More recently, Ford was reported to have joined the US hunger relief non-profit Feeding America with positions in Phoenix and Chicago. And he was listed as a board member of the American Indian Center in Chicago.

The church watchdog group BishopAccountability.org says Ford was not listed among active clergy members in the 1994, 1999, 2002 and 2003 editions of the Official Catholic Directory (OCD) – disappearances that often correlate with “problems in ministry that are not being managed in a transparent way, and/or periods during which the priest has been sent to a treatment center”.

Only the earliest of those interruptions in ministry was ostensibly explained in the news media, as BishopAccountability.org noted.

The Dallas Morning News reported in 1997 that Ford had previously entered a program in Albuquerque, New Mexico, run by the Servants of the Paraclete.

The reason provided was that Ford had problems managing money while working at two churches in Arizona for the diocese of Gallup.

The Servants of the Paraclete’s program at the time was arguably better known for treating other issues – ranging from substance abuse to child sexual abuse.

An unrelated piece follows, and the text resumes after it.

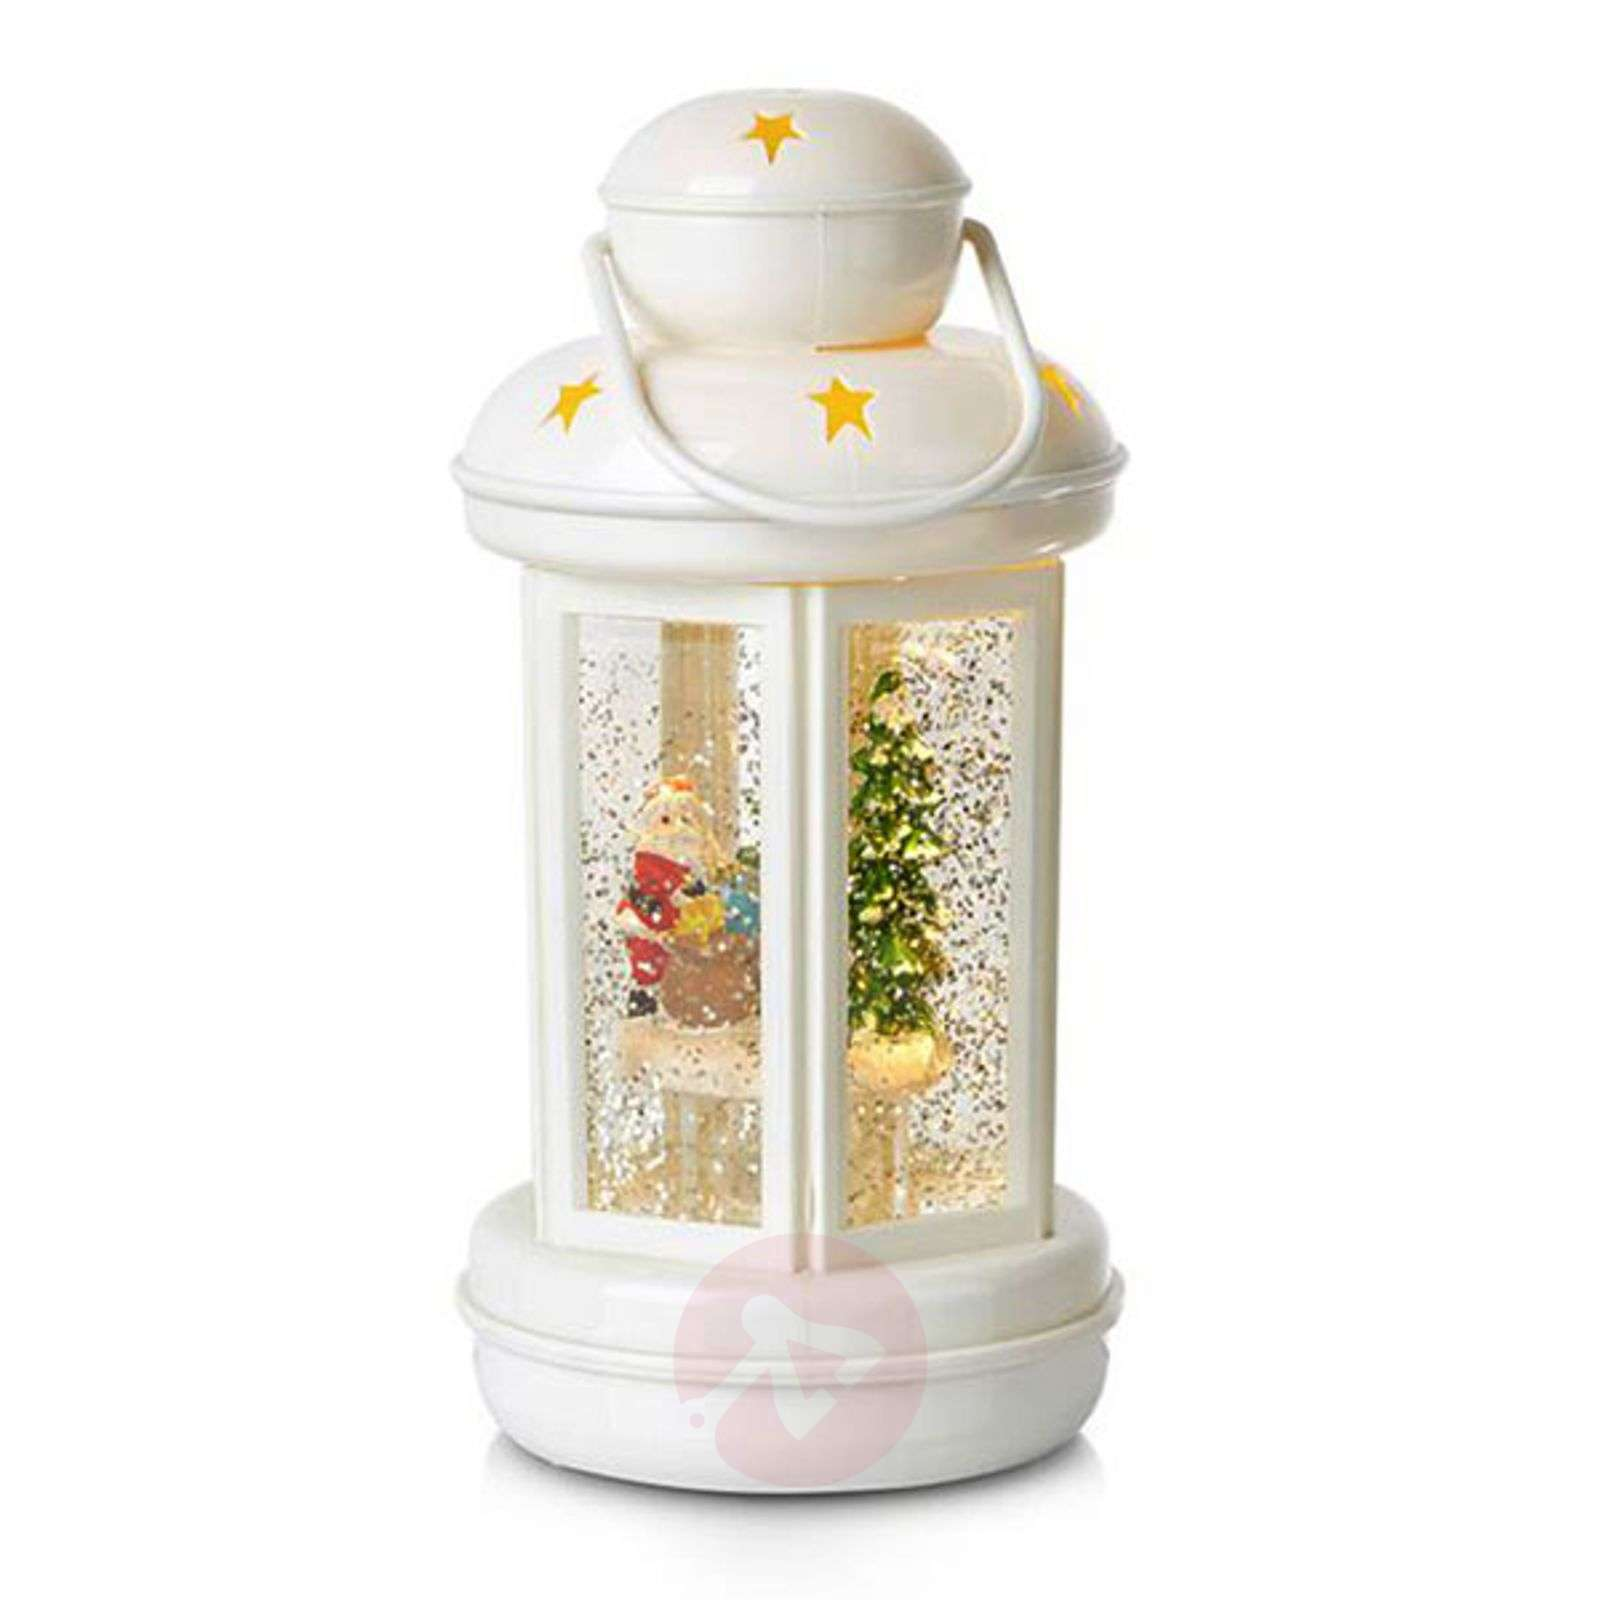 Glitter-filled decorative lantern Cosy LED-6507510X-01

As a gesture of transparency and reconciliation amid the fallout of the worldwide Catholic church’s clergy molestation scandal, the Vincentians, the New Orleans archdiocese and the dioceses of Gallup and Dallas have published lists of clergymen with credible allegations of child molestation.

Ford had not immediately been added to those lists after his arrest in Portage, according to information on BishopAccountability.org.